WHAT THIS TASK INVOLVES:
Only the text belongs in the copy. Transcribe the data exactly and drop any pictures.

DATA EXCERPT:
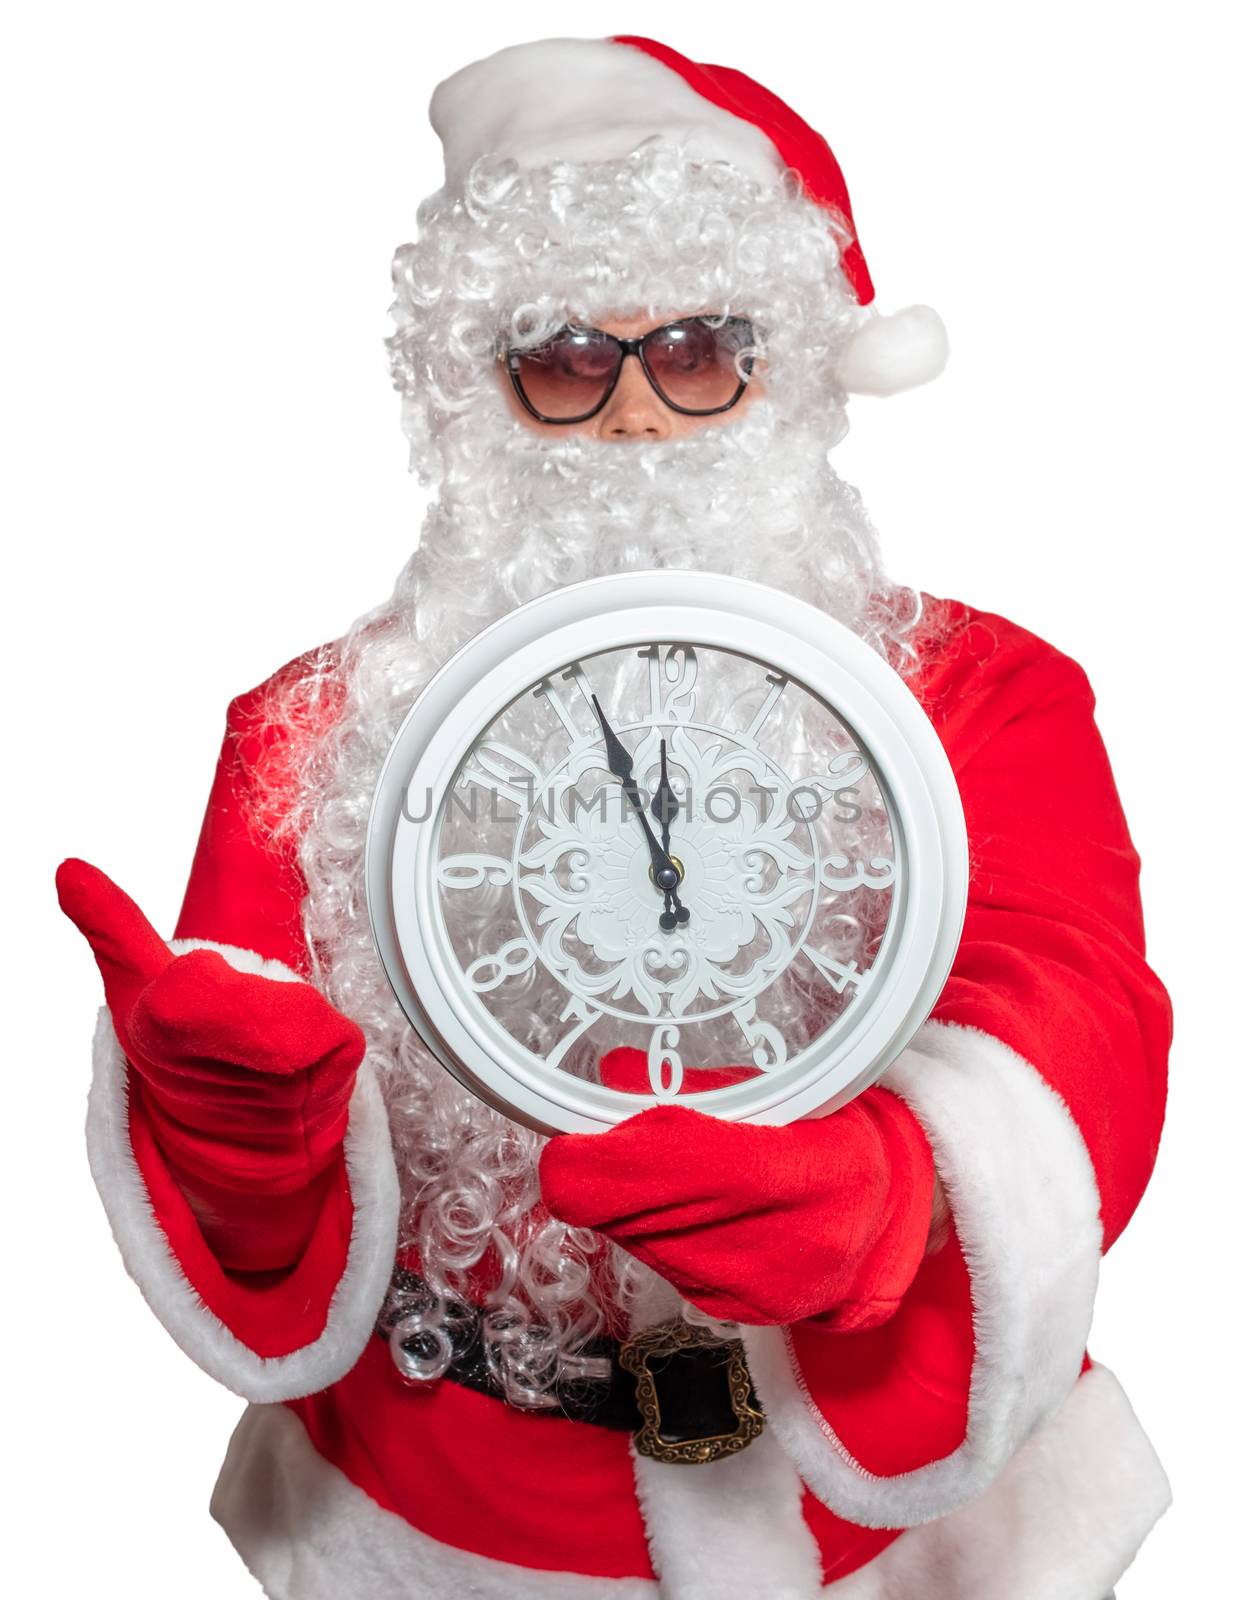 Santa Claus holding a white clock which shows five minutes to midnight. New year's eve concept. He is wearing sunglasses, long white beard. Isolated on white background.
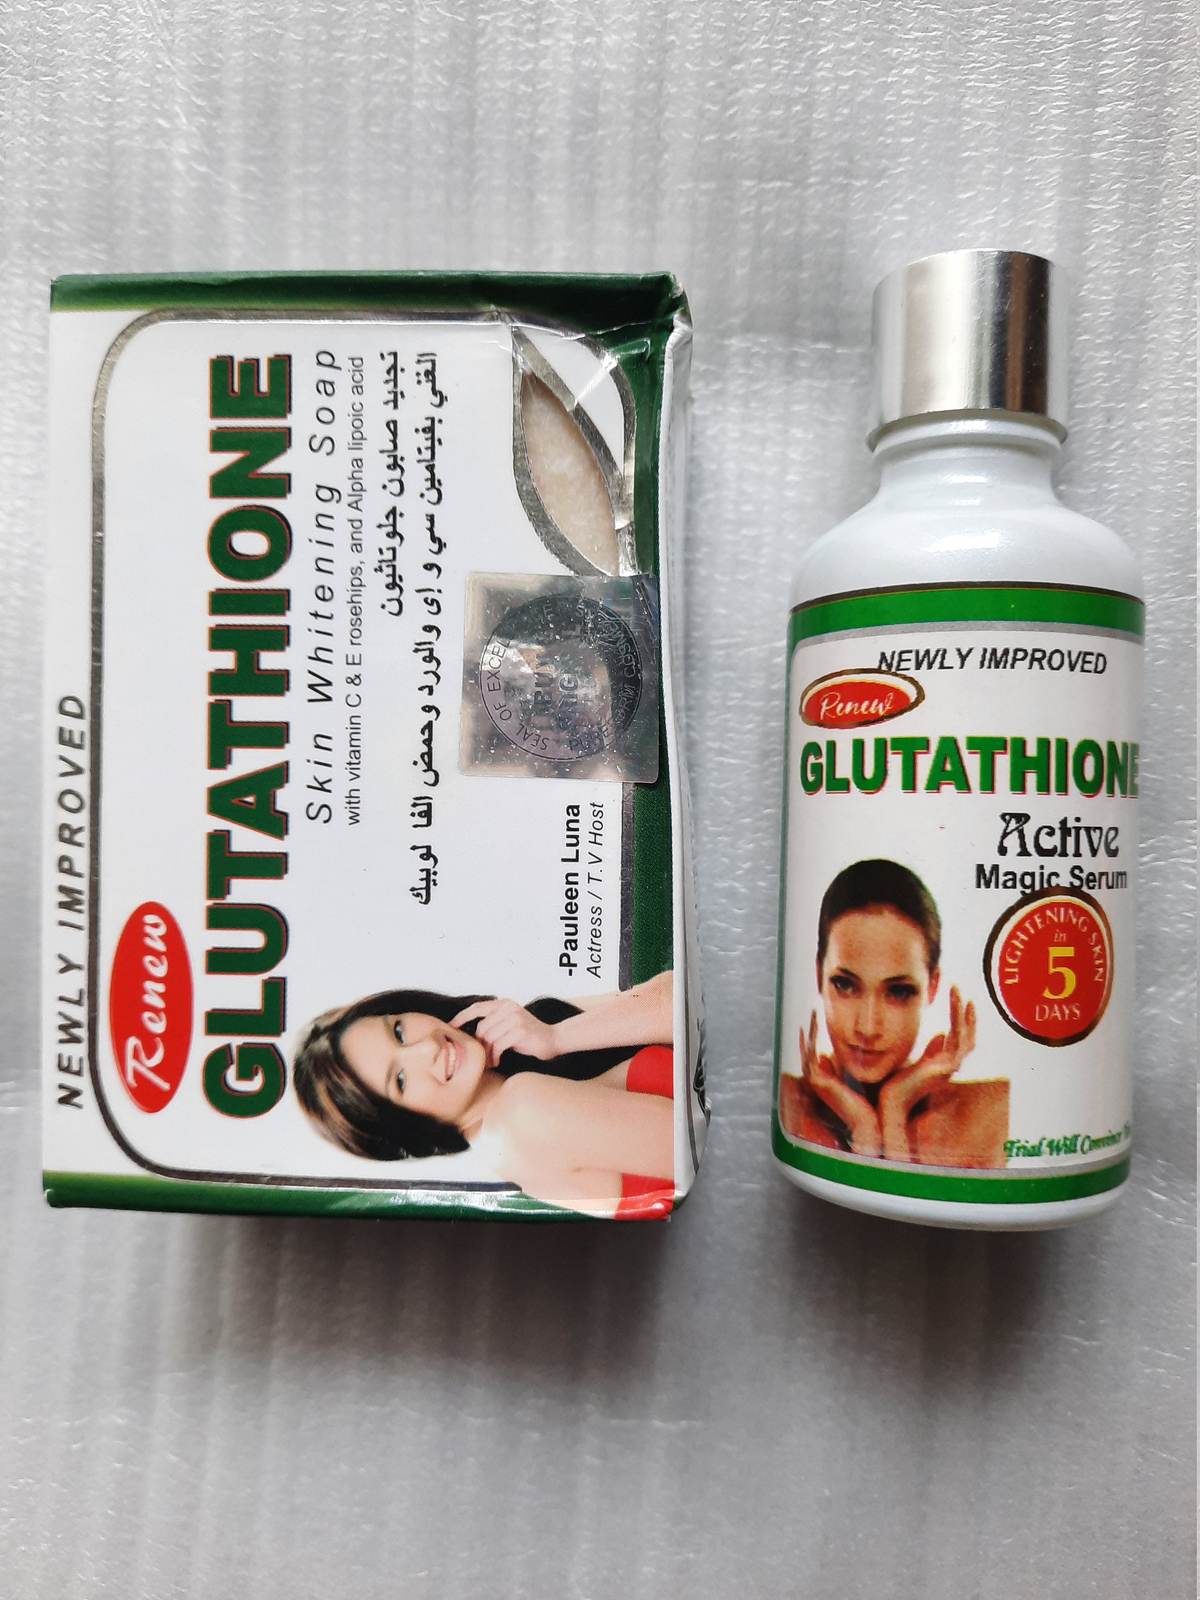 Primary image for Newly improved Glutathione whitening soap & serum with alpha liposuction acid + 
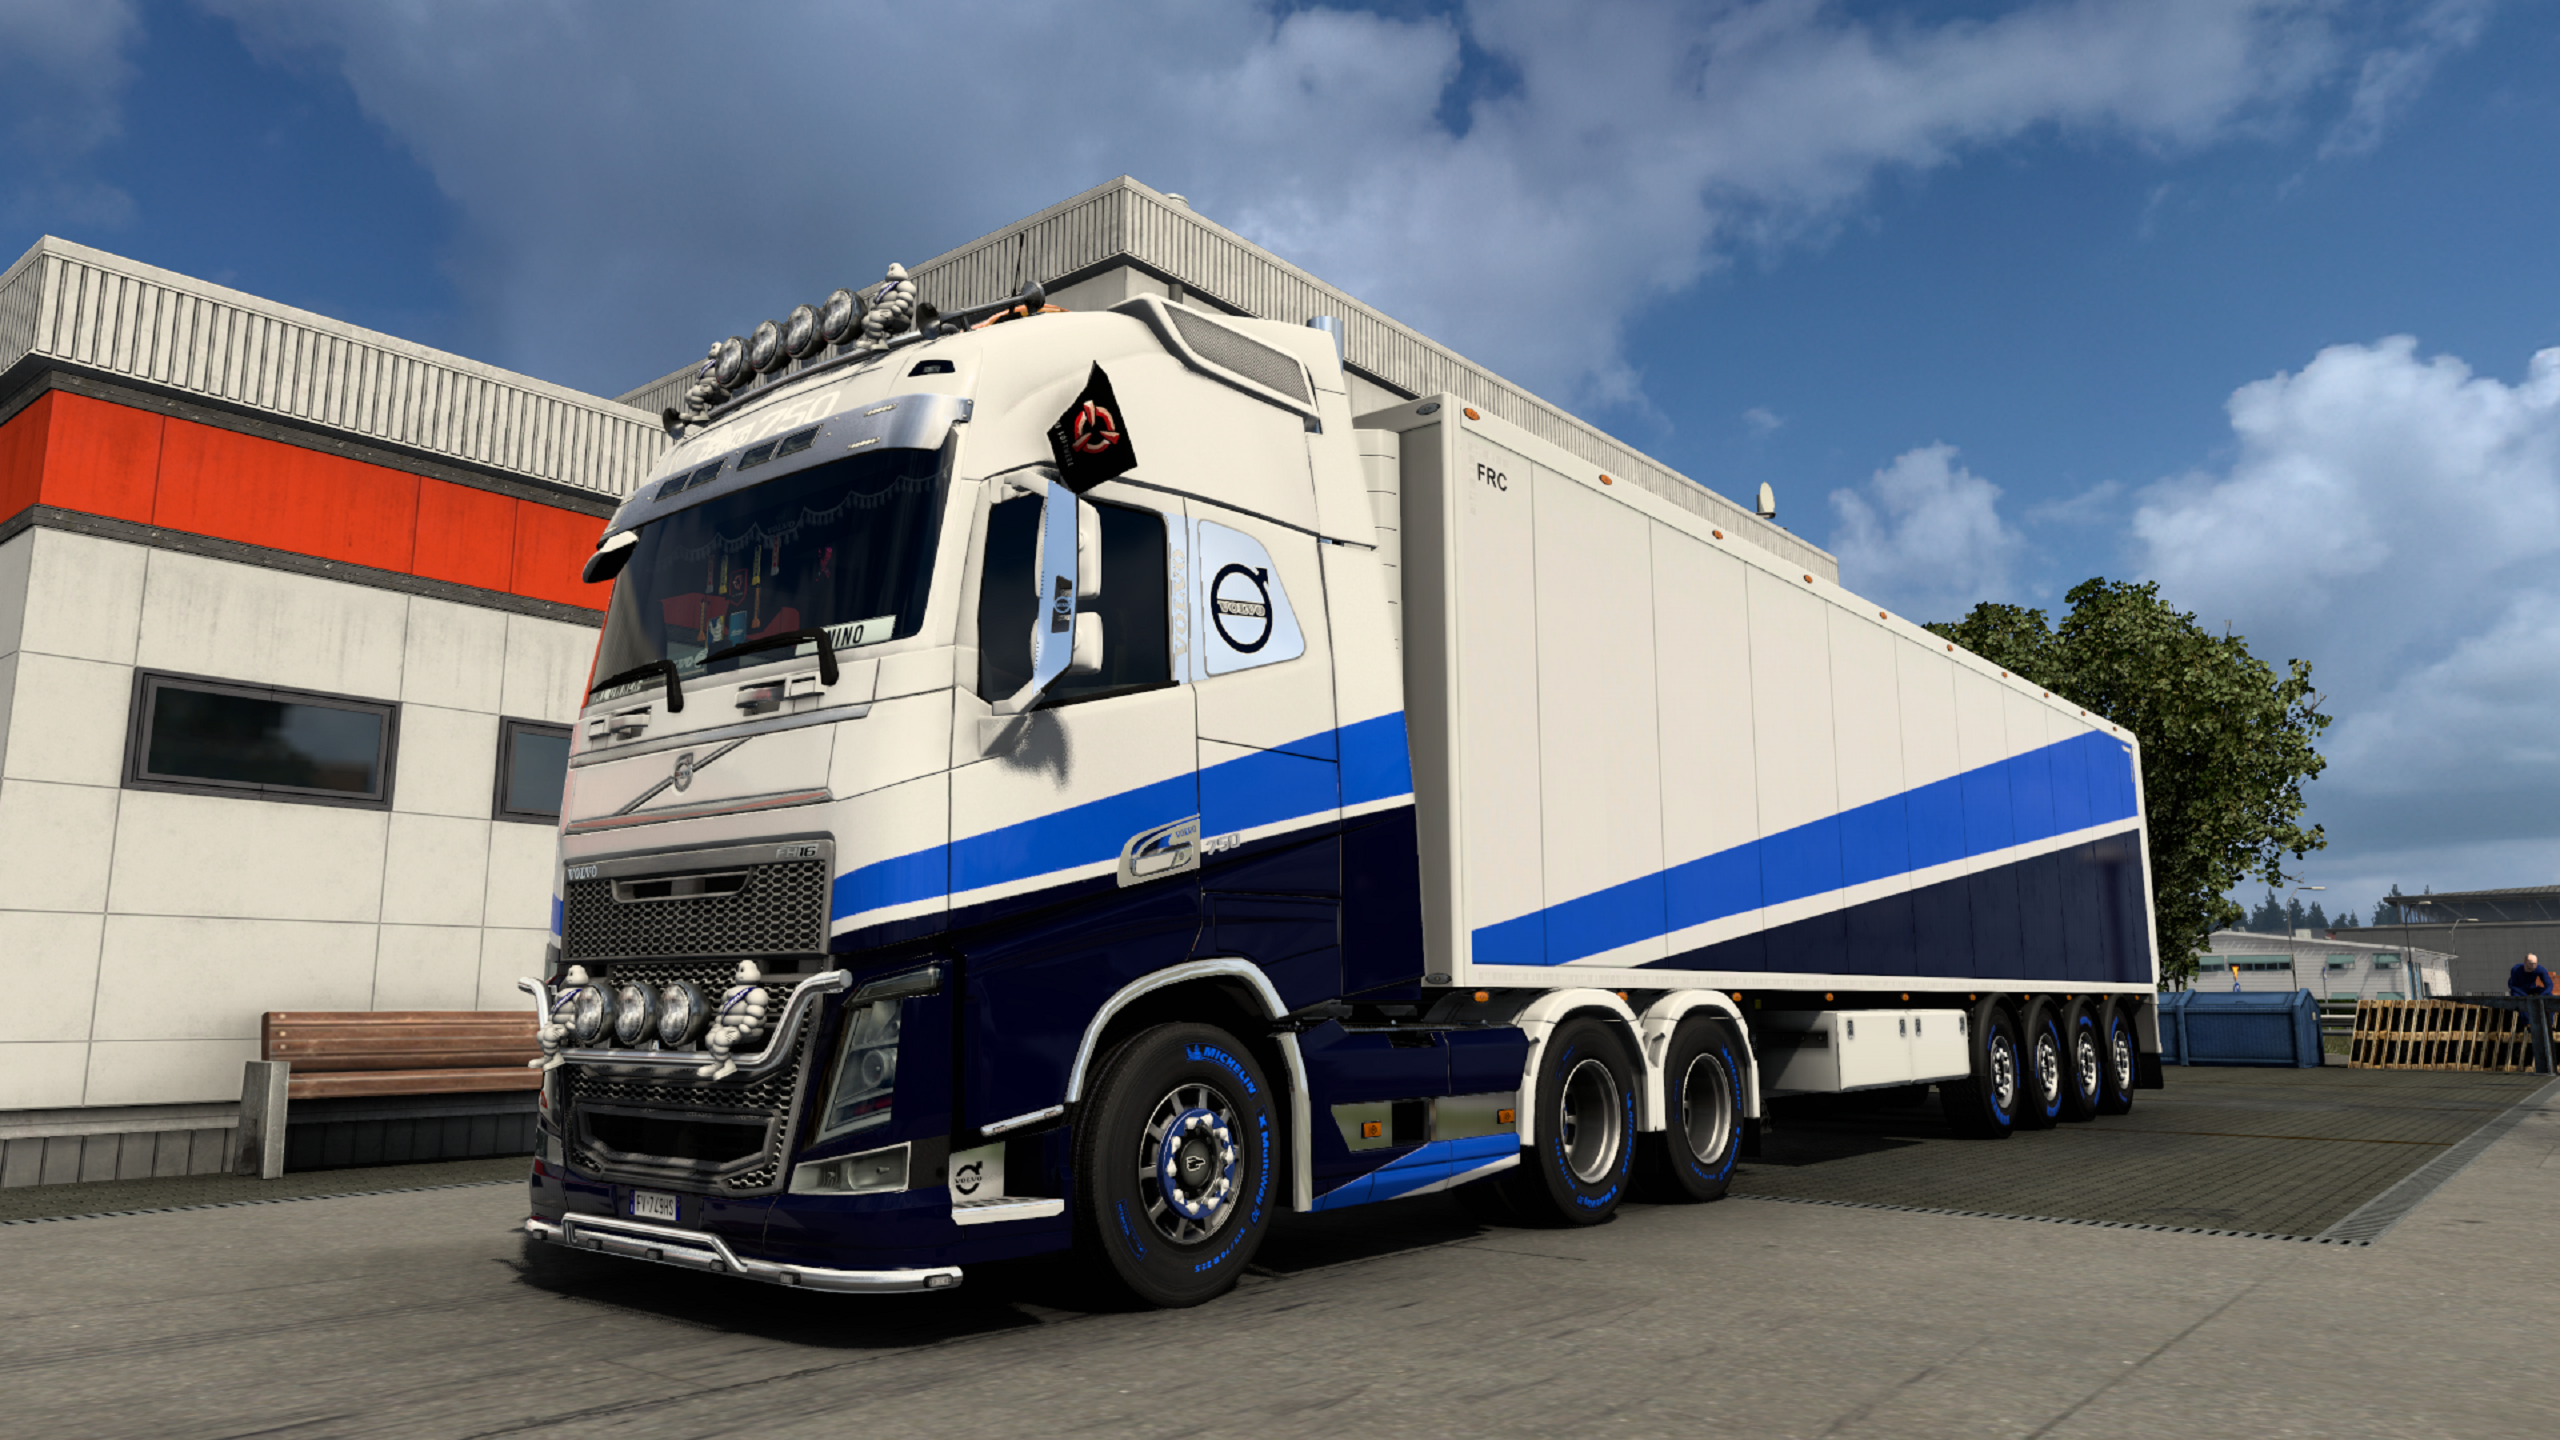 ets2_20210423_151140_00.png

ANSWER BOX:
 Santa Claus holding a white clock which shows five minutes to midnight. New year's eve concept. He is wearing sunglasses, long white beard. Isolated on white background.
 Primary image for Newly improved Glutathione whitening soap & serum with alpha liposuction acid + 
 ets2_20210423_151140_00.png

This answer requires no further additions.